High-dimensional datasets are often squeezed through dimensionality reduction algorithms like PCA, UMAP, T-SNE or others to visualize them on a 2D scatterplot. These procedures let us expose heterogeneity in datasets. However, we would like to know the source of this heterogeneity as well. This is where Buzz can help.
Buzz is an interactive tool that lets you explore low dimensional embeddings of your dataset by:
- coloring it according to features you provide,
- and selecting populations between which you can compare feature distributions.
See USAGE for instructions on how to use Buzz.
Brushing Select groups of points and compare their feature distributions using histograms.
Coloring Easily color your scatterplot according to feature values.
WebGL Visualize embeddings of 10,000s of datapoints thanks to GPU acceleration.
lightweight Buzz is entirely written in JavaScript making it a snappy and lightweight tool.
Arquero Compatible with any language thanks to Arquero and Apache Arrow. Just export your dataset to an Arrow-file and import in Buzz. See USAGE for more info on how to import your dataset.
Buzz uses a number of open-source projects for its functionalities.
D3.js The feature histograms are plotted using D3.js.
D3FC This is a wrapper library around D3.js. In this project we use d3fc-webgl, which is a component of D3FC that makes it easy to create scatterplots in WebGL.

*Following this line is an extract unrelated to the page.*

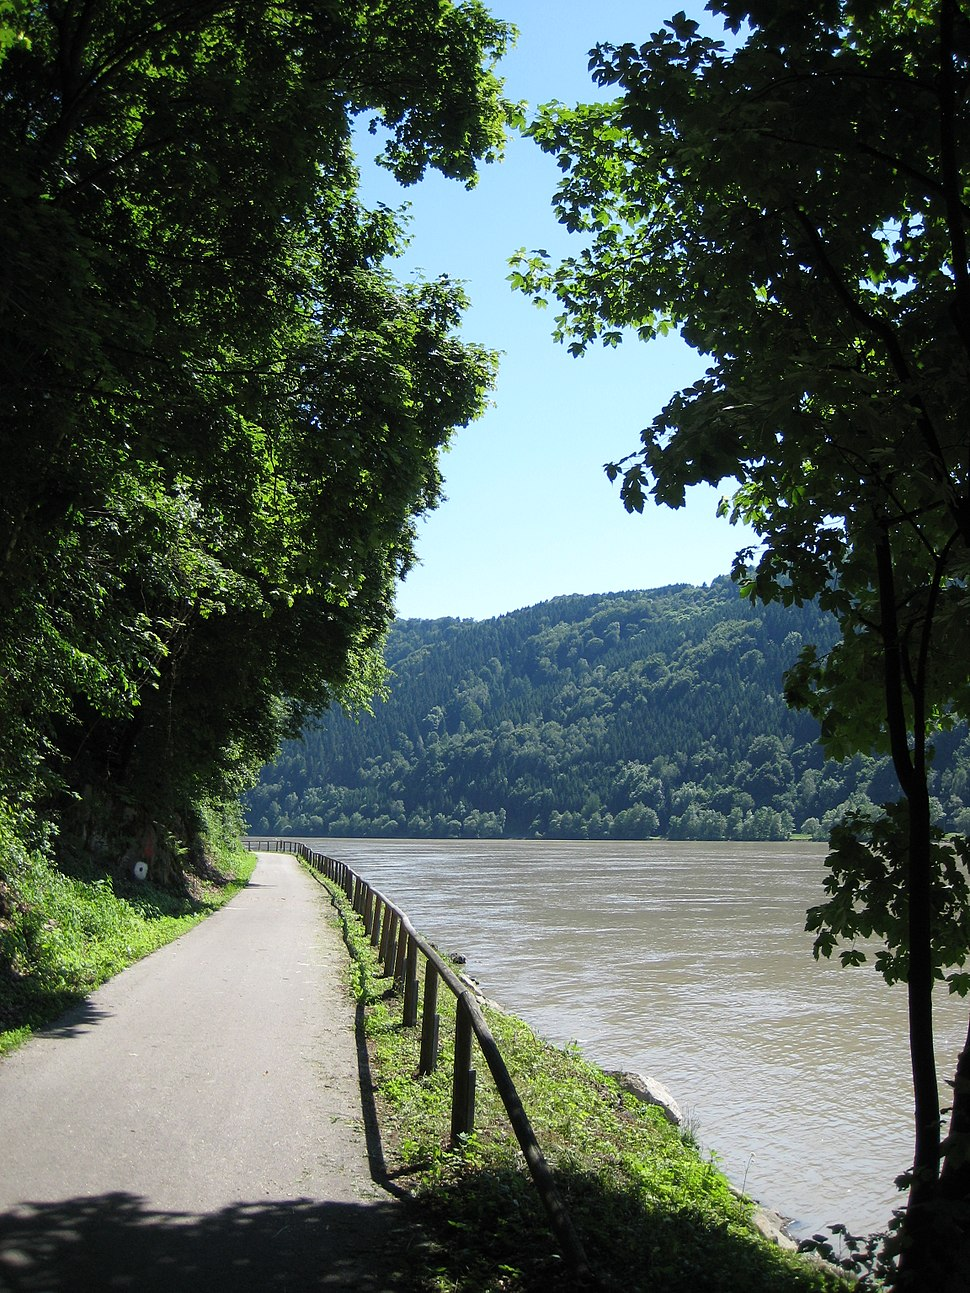 Donauradweg Schloegener Schlinge - Aschach

Brushing is also possible thanks to D3FC.
Alpine.js Application controls are implemented with Alpine.js. It is a lightweight framework with easy DOM manipulation, allowing for fast development of interactive applications.
TailwindCSS A utility-first CSS framework that lets you easily add style to HTML documents.
NW.js This library lets you package JavaScript apps into cross-platform, standalone desktop apps with access to native system APIs. In the near future, Buzz will be available as a NW.js desktop app.
Arquero This is a fast JavaScript library for loading array-backed data tables. Buzz is being rewritten to use Arquero under the hood for faster data processing, and to allow Apache Arrow input formats.
Buzz is in beta-phase. The initial features and aim of the app are laid out, and a first functional version of the app is implemented.
In the long term, Buzz functionality needs to be expanded. However, the focus should always remain on the exploration of low-dimensional embeddings on a local machine.
The aim is not, for instance, to implement dimensionality reduction techniques within Buzz. It is also not the goal to the make Buzz part of data processing pipelines run on HPC clusters. Other methods are more suitable for such goals.
Good expansions could be to allow Buzz to automatically suggest the most interesting features when comparing populations, or to let users export a report about their embedding.
Buzz could also be integrated in a Napari plugin to allow for exploration of imaging datasets. Clicking on a point in the scatterplot could then open the corresponding image in Napari, letting the user go back to the original data.